As illustrated in FIG. 10, a computing device 1000 includes a processing element, such as processor 1005 (e.g., microprocessor) that contains one or more hardware processors, where each hardware processor may have a single or multiple processor cores. Examples of processors include, but are not limited to a central processing unit (CPU) or a microprocessor. Although not illustrated in FIG. 10, the processing elements that form processor 1005 may also include one or more other types of hardware processing components, such as graphics processing units (GPUs), application specific integrated circuits (ASICs), field-programmable gate arrays (FPGAs), and/or digital signal processors (DSPs). In certain cases, processor 1005 may be configured to perform the tasks described in conjunction with modules 710-716, 724-730 of FIG. 7.

As shown in FIG. 10, memory 1010 may be operatively and communicatively coupled to processor 1005. Memory 1010 may be a non-transitory computer readable storage medium configured to store various types of data. For example, memory 1010 may include one or more volatile devices, such as random access memory (RAM). In certain cases, the SRAM and circuits as described in FIGS. 4-8 may be part of the memory 1010.

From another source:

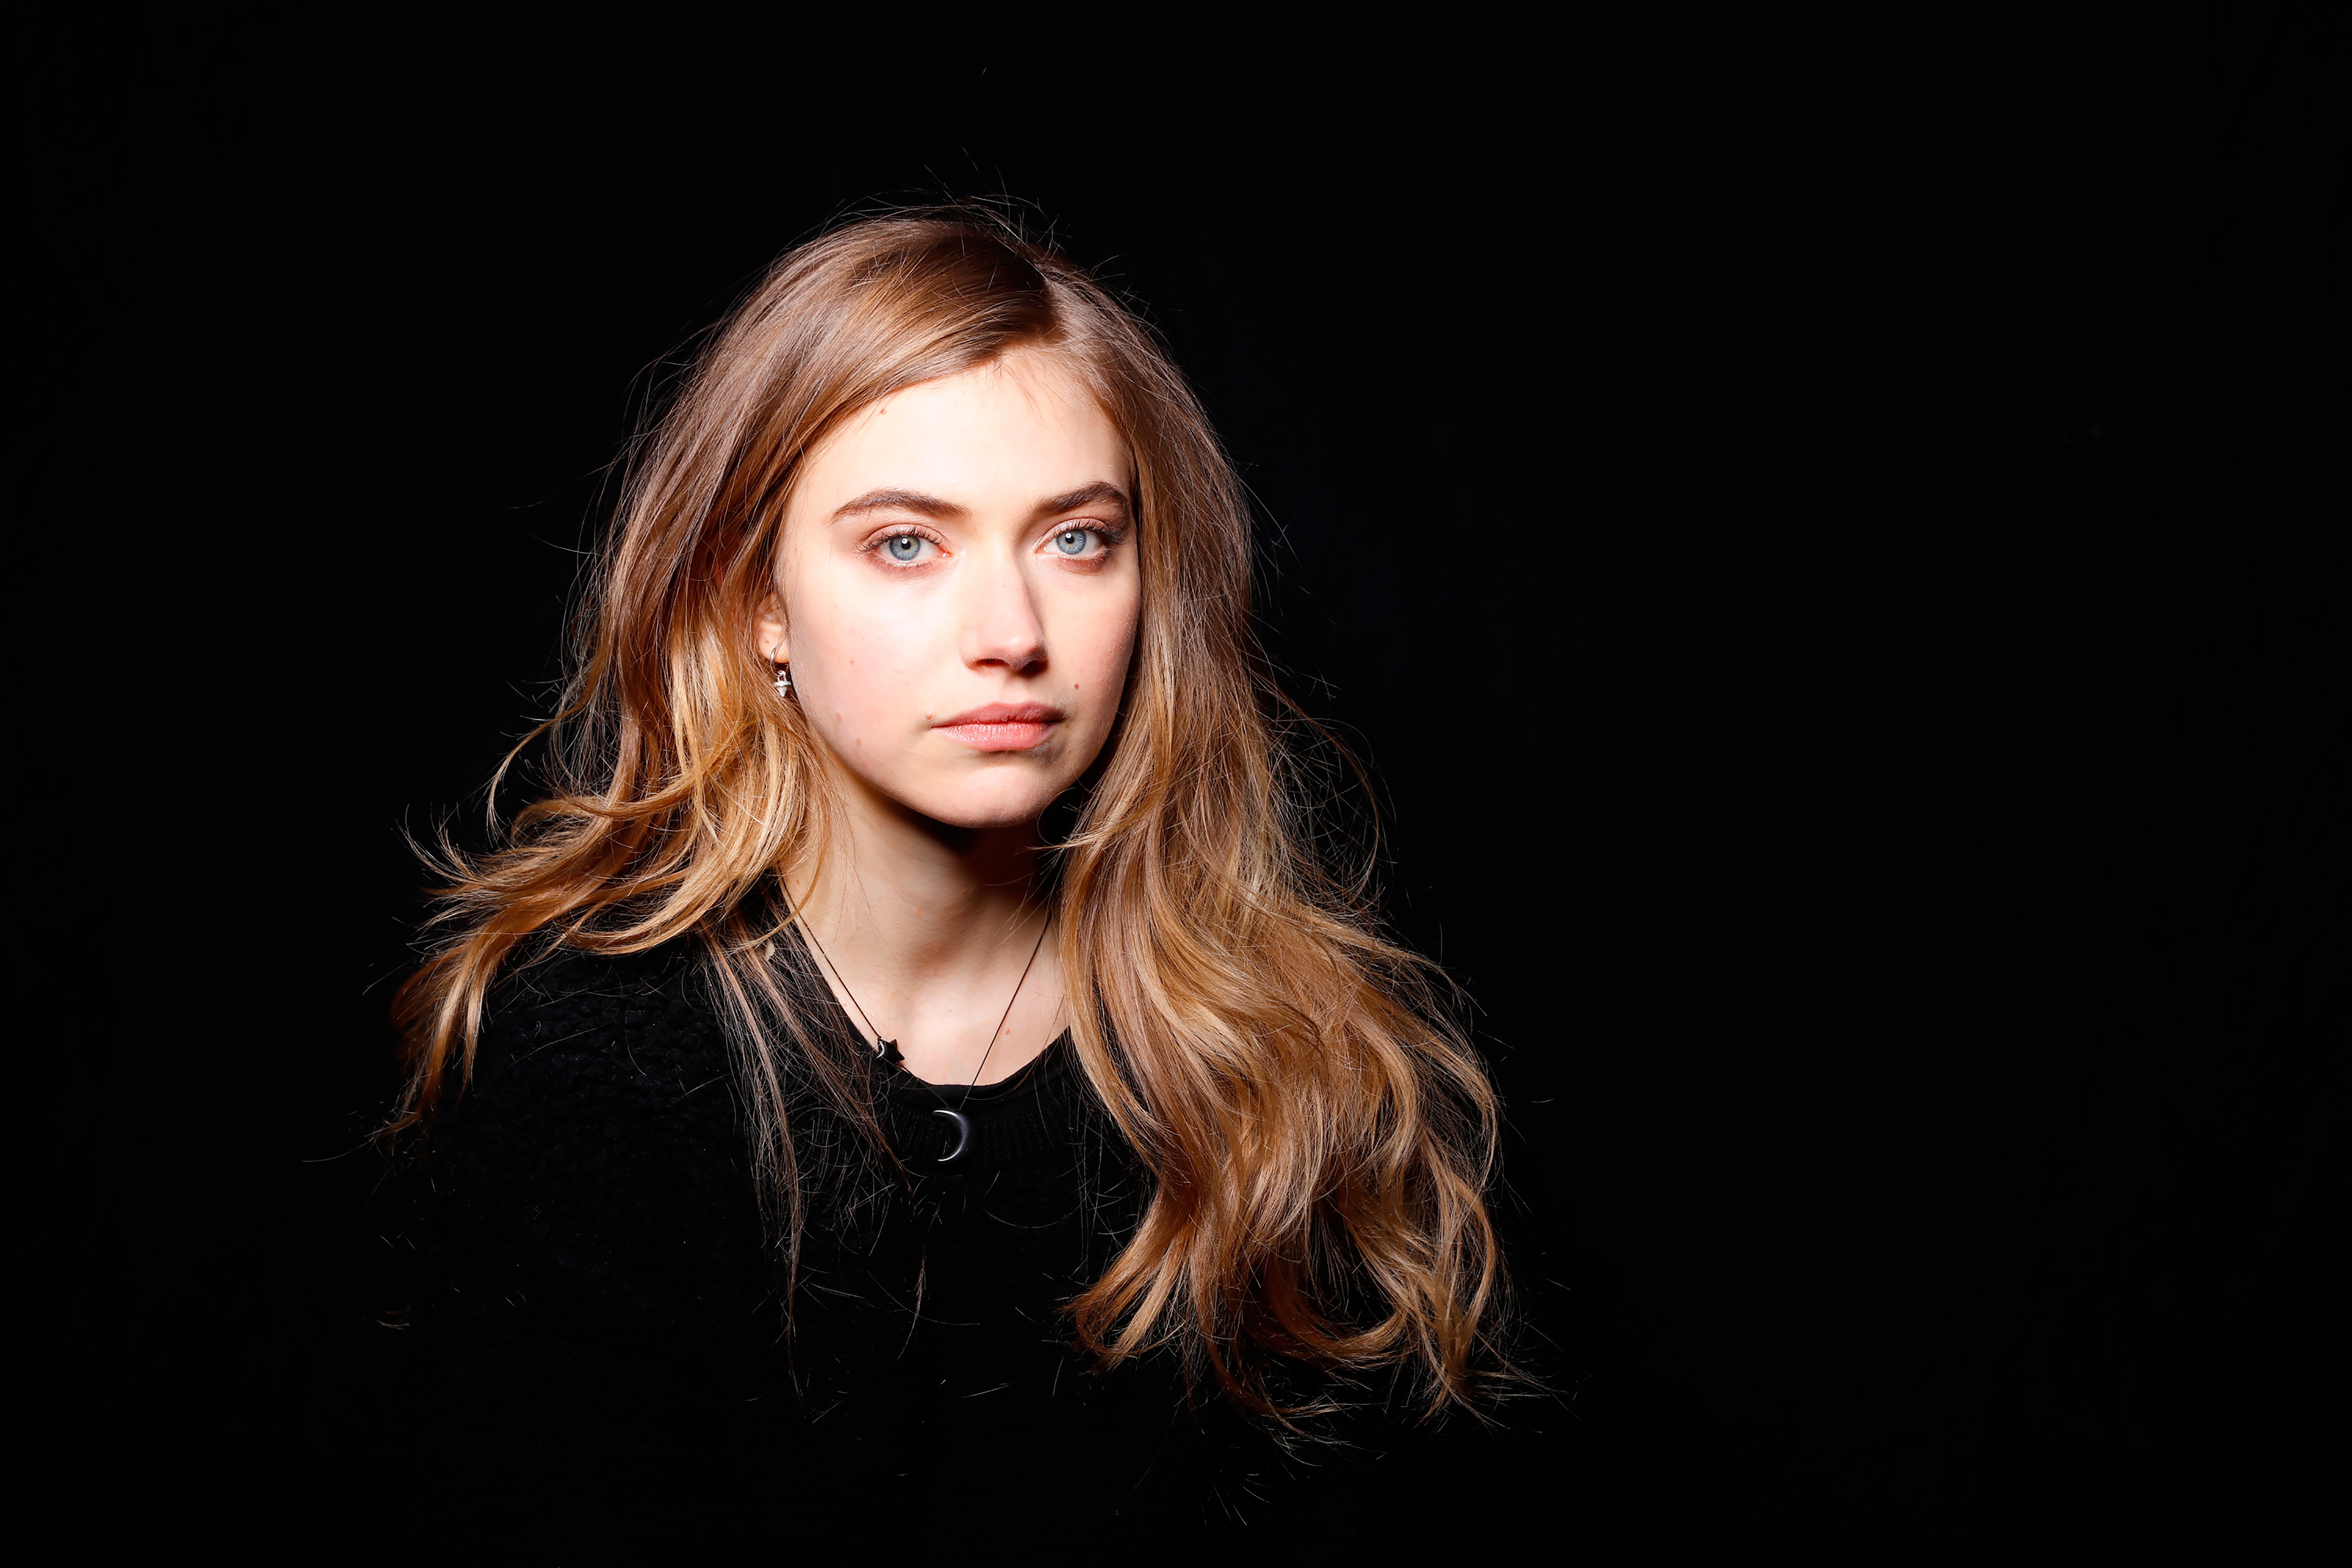 Imogen Poots Cute Photoshoot 2017 Wallpapers

A non-volatile storage device 1020 can include one or more disk drives, optical drives, solid-state drives (SSDs), tap drives, flash memory, electrically programmable read only memory (EEPROM), and/or any other type memory configured to maintain data for a duration of time after a power loss or shut down operation. The non-volatile storage device 1020 may also store programs that are loaded into the RAM when such programs executed.

Software programs may be developed, encoded and compiled in a variety of computing languages for a variety of software platforms and/or operating systems and subsequently loaded and executed by processor 1005. In one embodiment, the compiling process of the software program may transform program code written in a programming language to another computer language, so the processor 1005 is able to execute the programming code. For example, the compiling process of the software program may generate an executable program that provides encoded instructions (e.g., machine code instructions) for processor 1005 to accomplish specific, non-generic, particular computing functions.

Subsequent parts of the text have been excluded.